Freddie Mercury si è quindi
trasformato da autore a frontman in un modo ancora più intenso di
quanto non fosse stato per tutti gli anni '70. Fu a mio avviso una
scelta consapevole, voluta e profondamente pianificata per dare al
pubblico una versione nuova dei Queen e per costruire all'interno
della band un nuovo equilibrio capace di soddisfare l'ego di tutti e
quattro i componenti. Tutto questo non ha portato ad un decadimento
della qualità degli album, ma solo ad un cambio di rotta. Che senso
avrebbe avuto proporre ancora i vecchi cliché infarcendoli di synth
e sonorità pop? Bisogna rompere gli schemi e andare oltre, in un
certo senso azzerando tutto quanto fatto nella decade precedente. Un
principio di trasformazione dunque, in omaggio al simbolo della
Fenice voluto dallo stesso Freddie per rappresentare lo spirito del
gruppo. Un meccanismo che peraltro si stava ripetendo negli anni '90
con la proposizione di un nuovo sound, nuovi stili e ruoli ancora una
volta rivoluzionati con l'attribuzione di tutte le canzoni all'intera
band.
Naturalmente la domanda iniziale resta:
che contributo hanno dato Brian, Freddie, Roger e John ai Queen?
Impossibile rispondere attribuendo ad ognuno delle percentuali
costanti.

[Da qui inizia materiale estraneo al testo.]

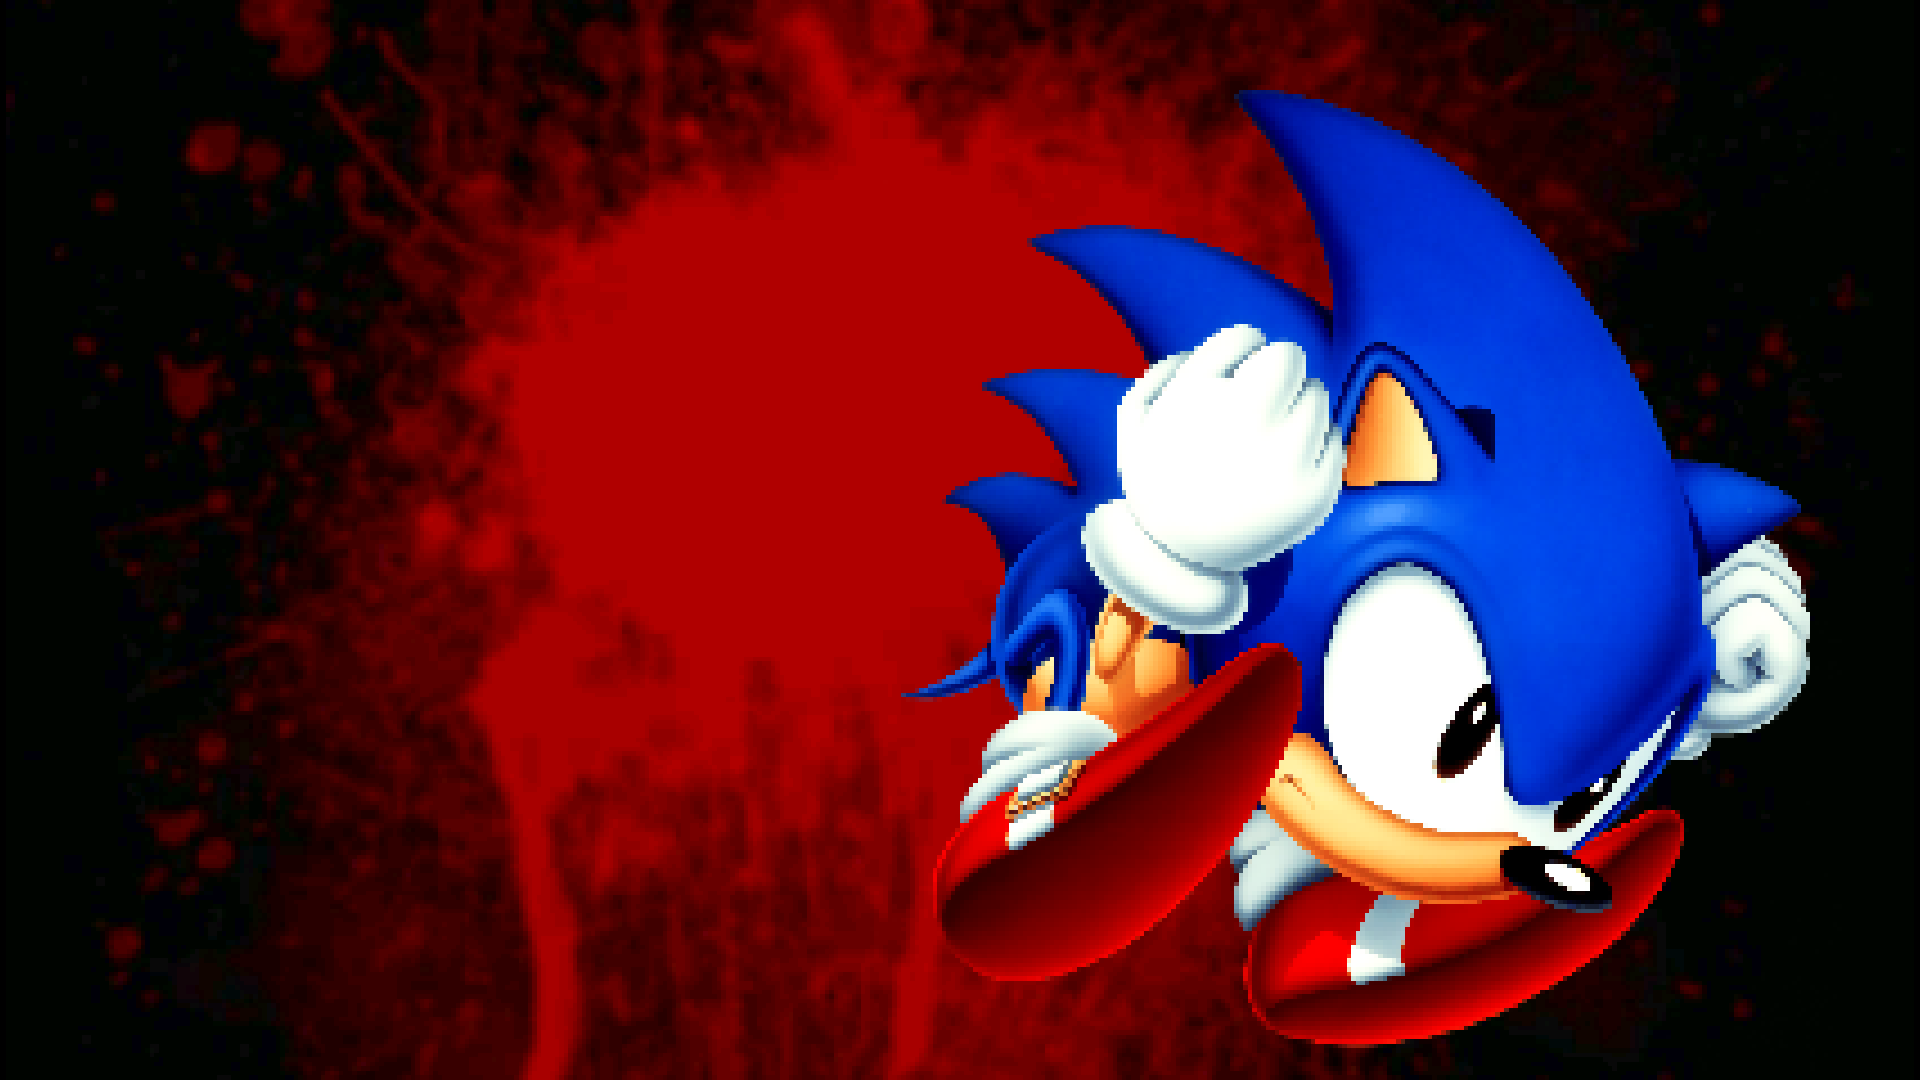 Download Dive into the exciting world of the Sonic Exe game Wallpaper

Ciascuno, a seconda del momento, ha dato qualcosa in più
degli altri tre o magari ha impreziosito un brano non suo con un
assolo, un ritmo, una performance. Somebody To Love sarebbe stata un
capolavoro senza la chitarra di Brian May? We Will Rock You sarebbe
diventata un inno senza la voce di Freddie? Non credo. Del resto i
Queen erano una macchina perfetta e per certi versi miracolosa
proprio in virtù dell'interazione tra quattro caratteri e
sensibilità spesso agli antipodi. Per questa ragione non vedo di
buon occhio tutti quei fans che portano avanti l'idea che i Queen
fossero la band di Freddie Mercury. È un concetto che non sarebbe
piaciuto per primo a Freddie che, soprattutto negli anni '80, spinse
John e Roger a scrivere canzoni. I risultati gli hanno dato ragione,
a patto di non commettere l'errore di paragonare un album come A
Night At The Opera a The Works. Non perché uno sia migliore
dell'altro, ma semplicemente perché si tratta di due dischi
differenti, nati in epoche e talmente distanti da far credere che a
suonarli siano addirittura due gruppi diversi. È questa la forza e
l'unicità dei Queen: non essere mai uguali a se stessi e rimescolare
ogni volta le carte in tavola . Da parte sua l'ascoltatore non può
fare altro che accettare l'idea di essere fan non di una sola band,
ma di mille gruppi diversi, distanti tra loro anni luce, eppure
dotati di una sola anima. Anzi, di quattro anime...rolled into one.